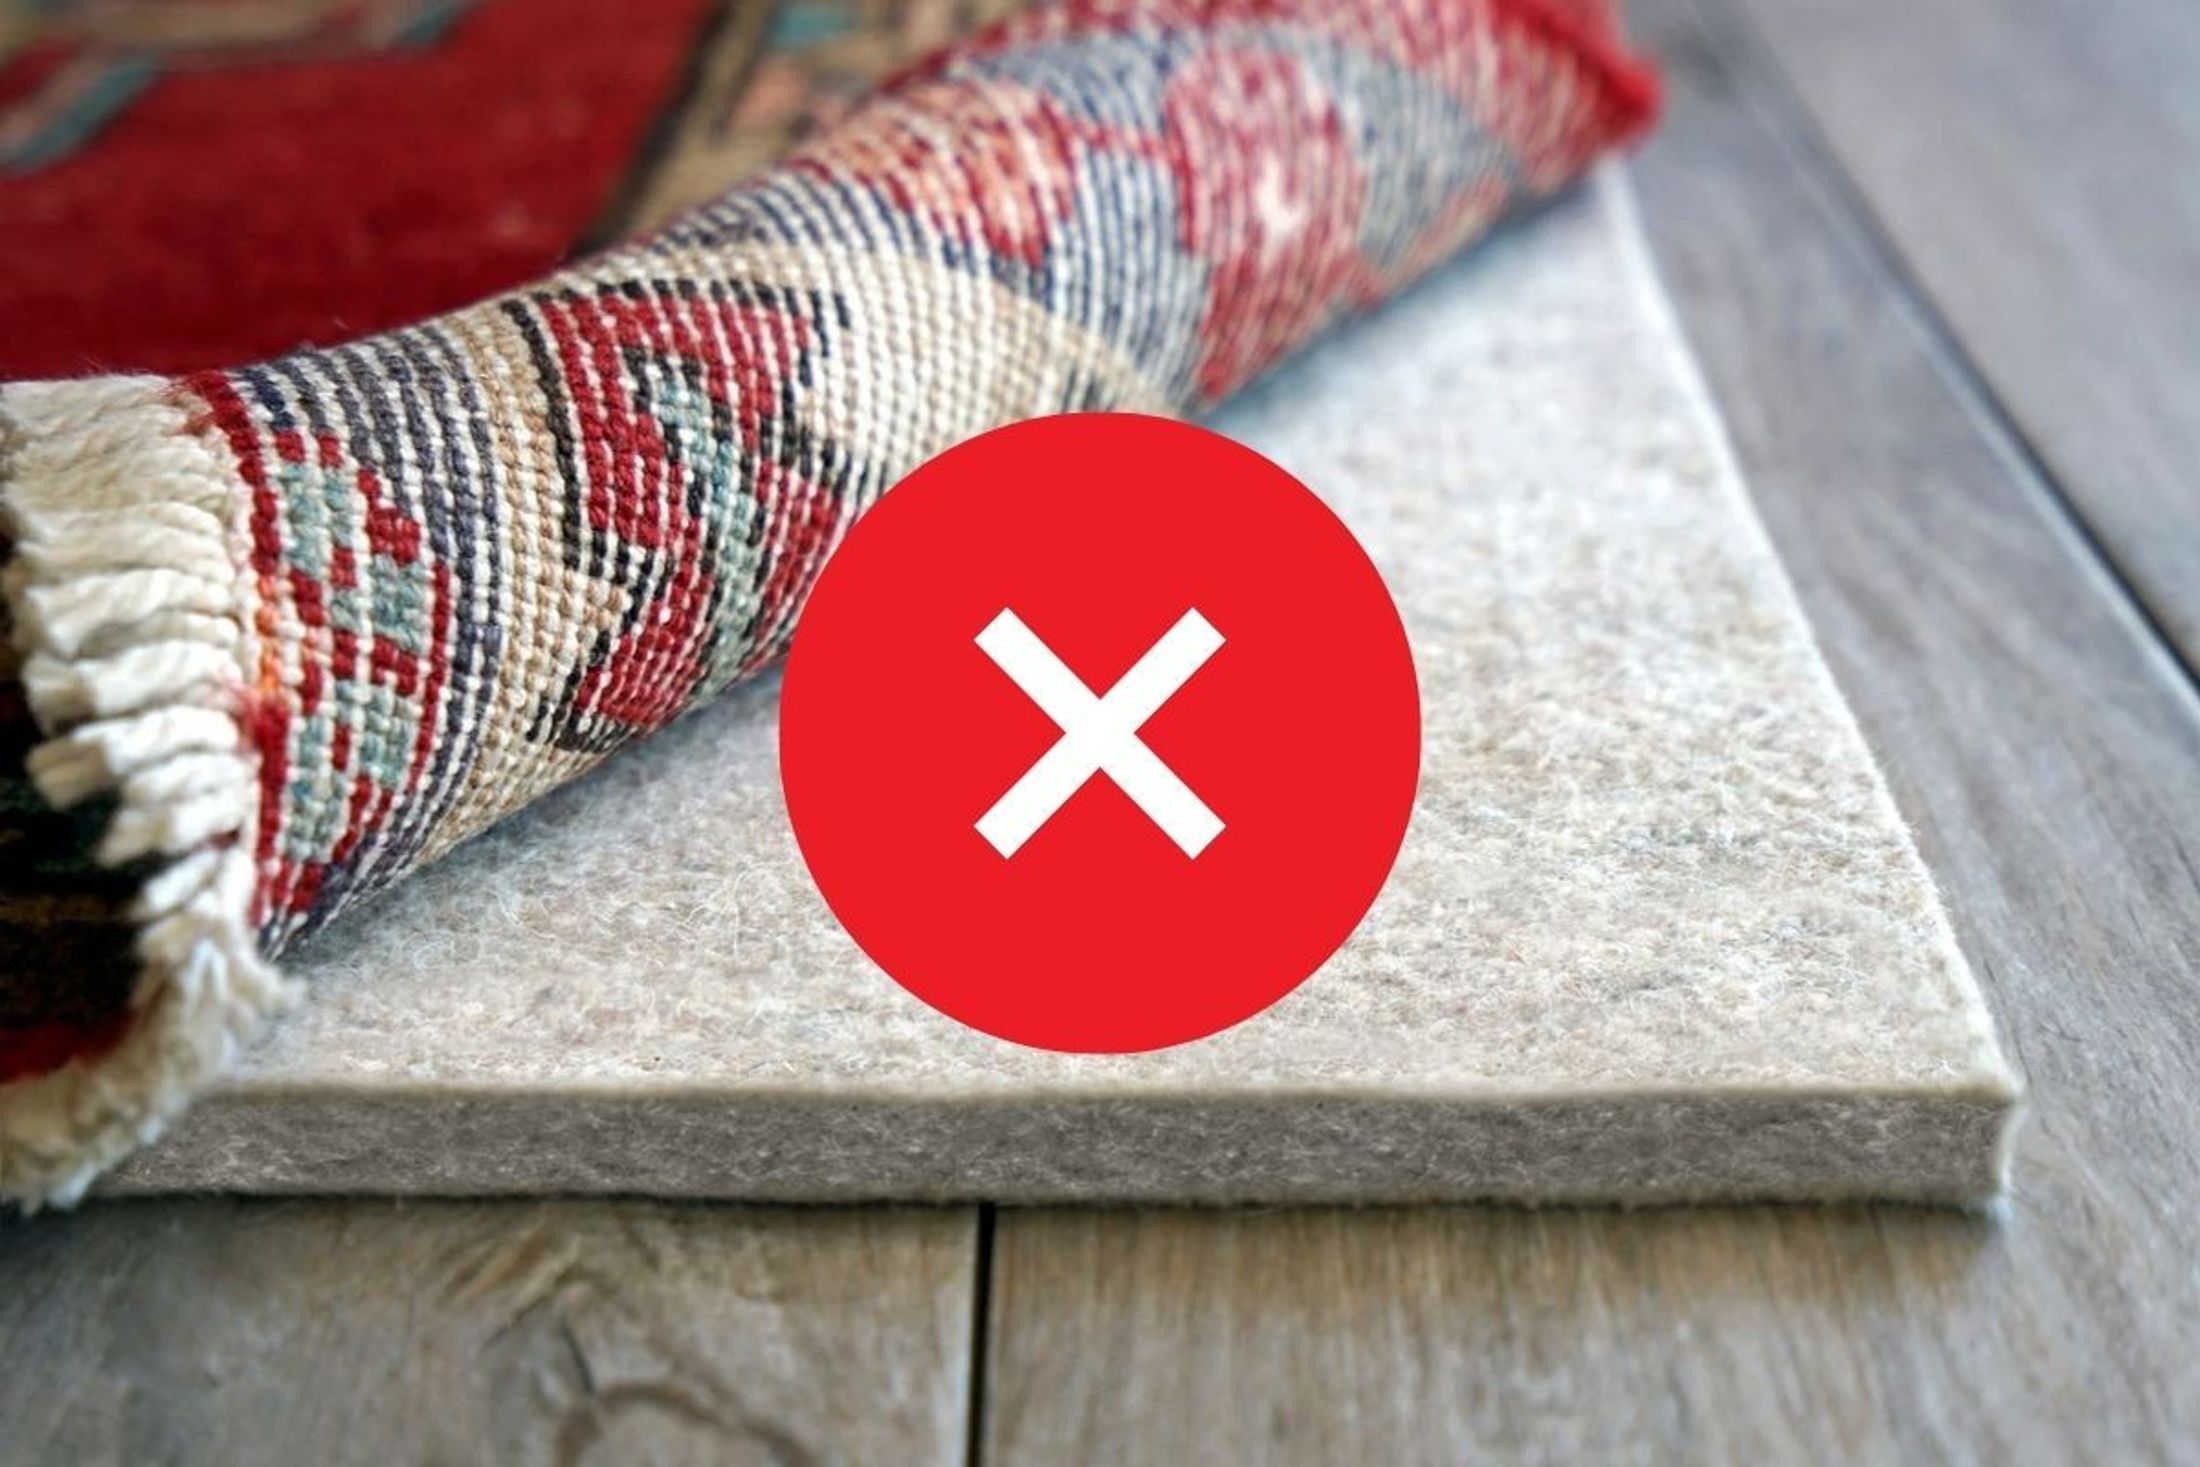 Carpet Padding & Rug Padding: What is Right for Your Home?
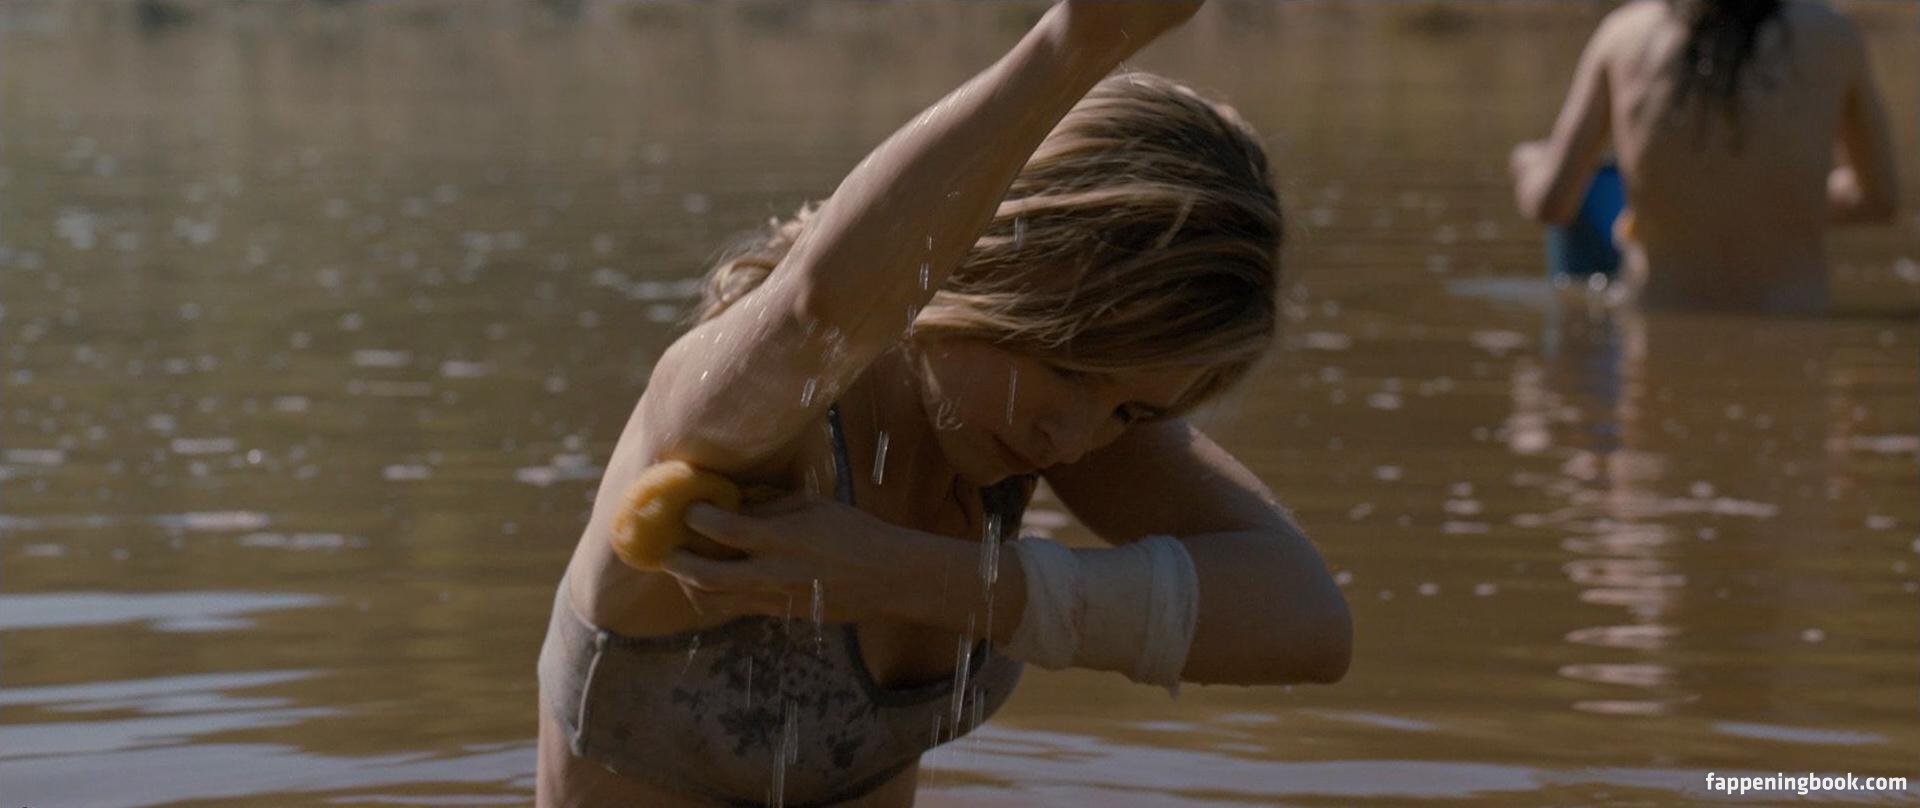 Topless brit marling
......
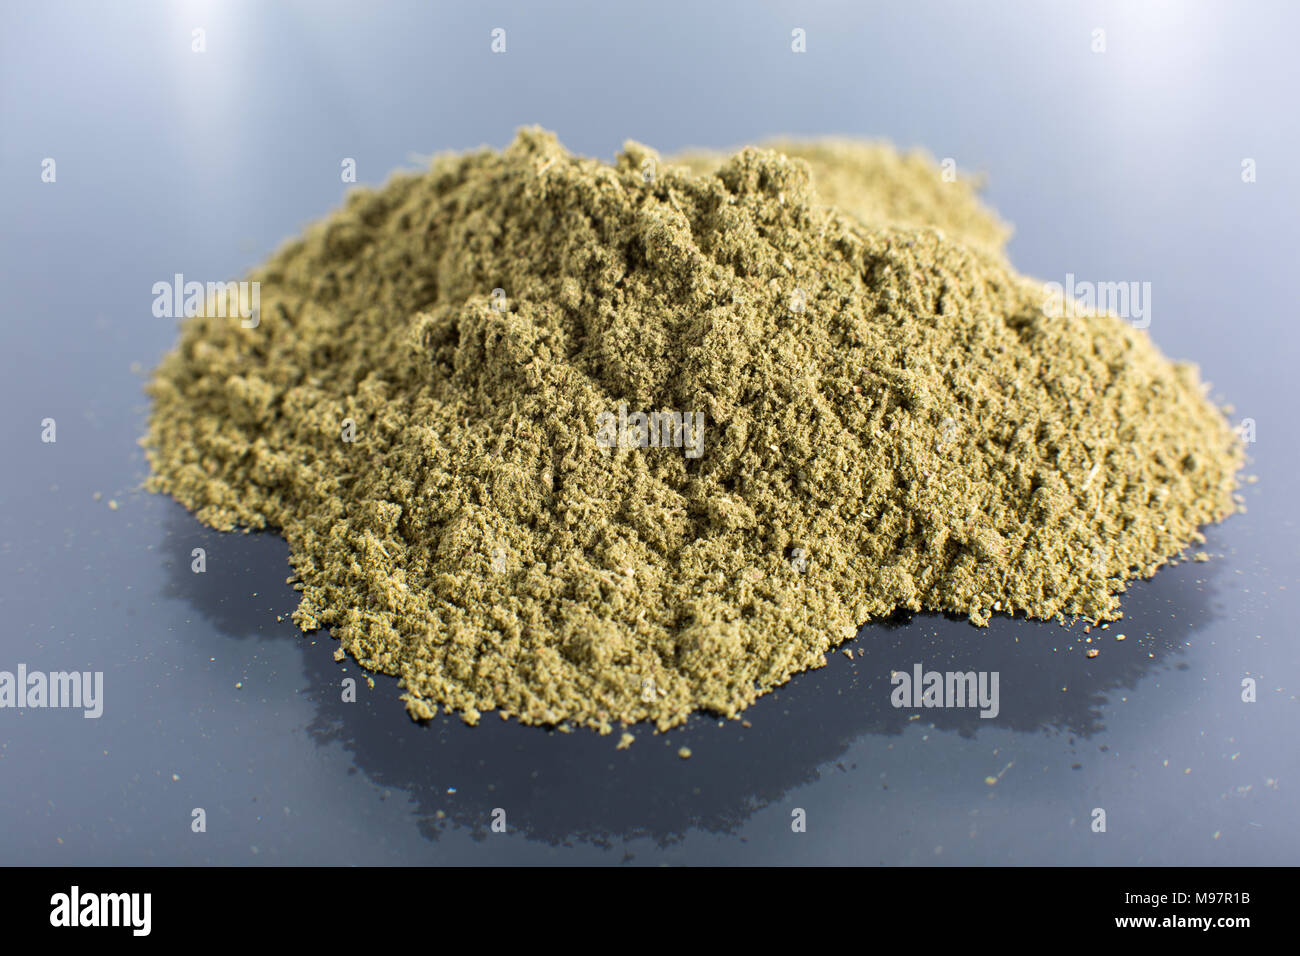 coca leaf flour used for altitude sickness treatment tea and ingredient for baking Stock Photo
......
§ TASK TO COMPLETE
Leaving each picture behind, please give again exactly the lines above from the one with "Carpet Padding &" through the one with "Topless brit marling", both included, and no others.

§ EXERCISE RESPONSE
 Carpet Padding & Rug Padding: What is Right for Your Home?
 Topless brit marling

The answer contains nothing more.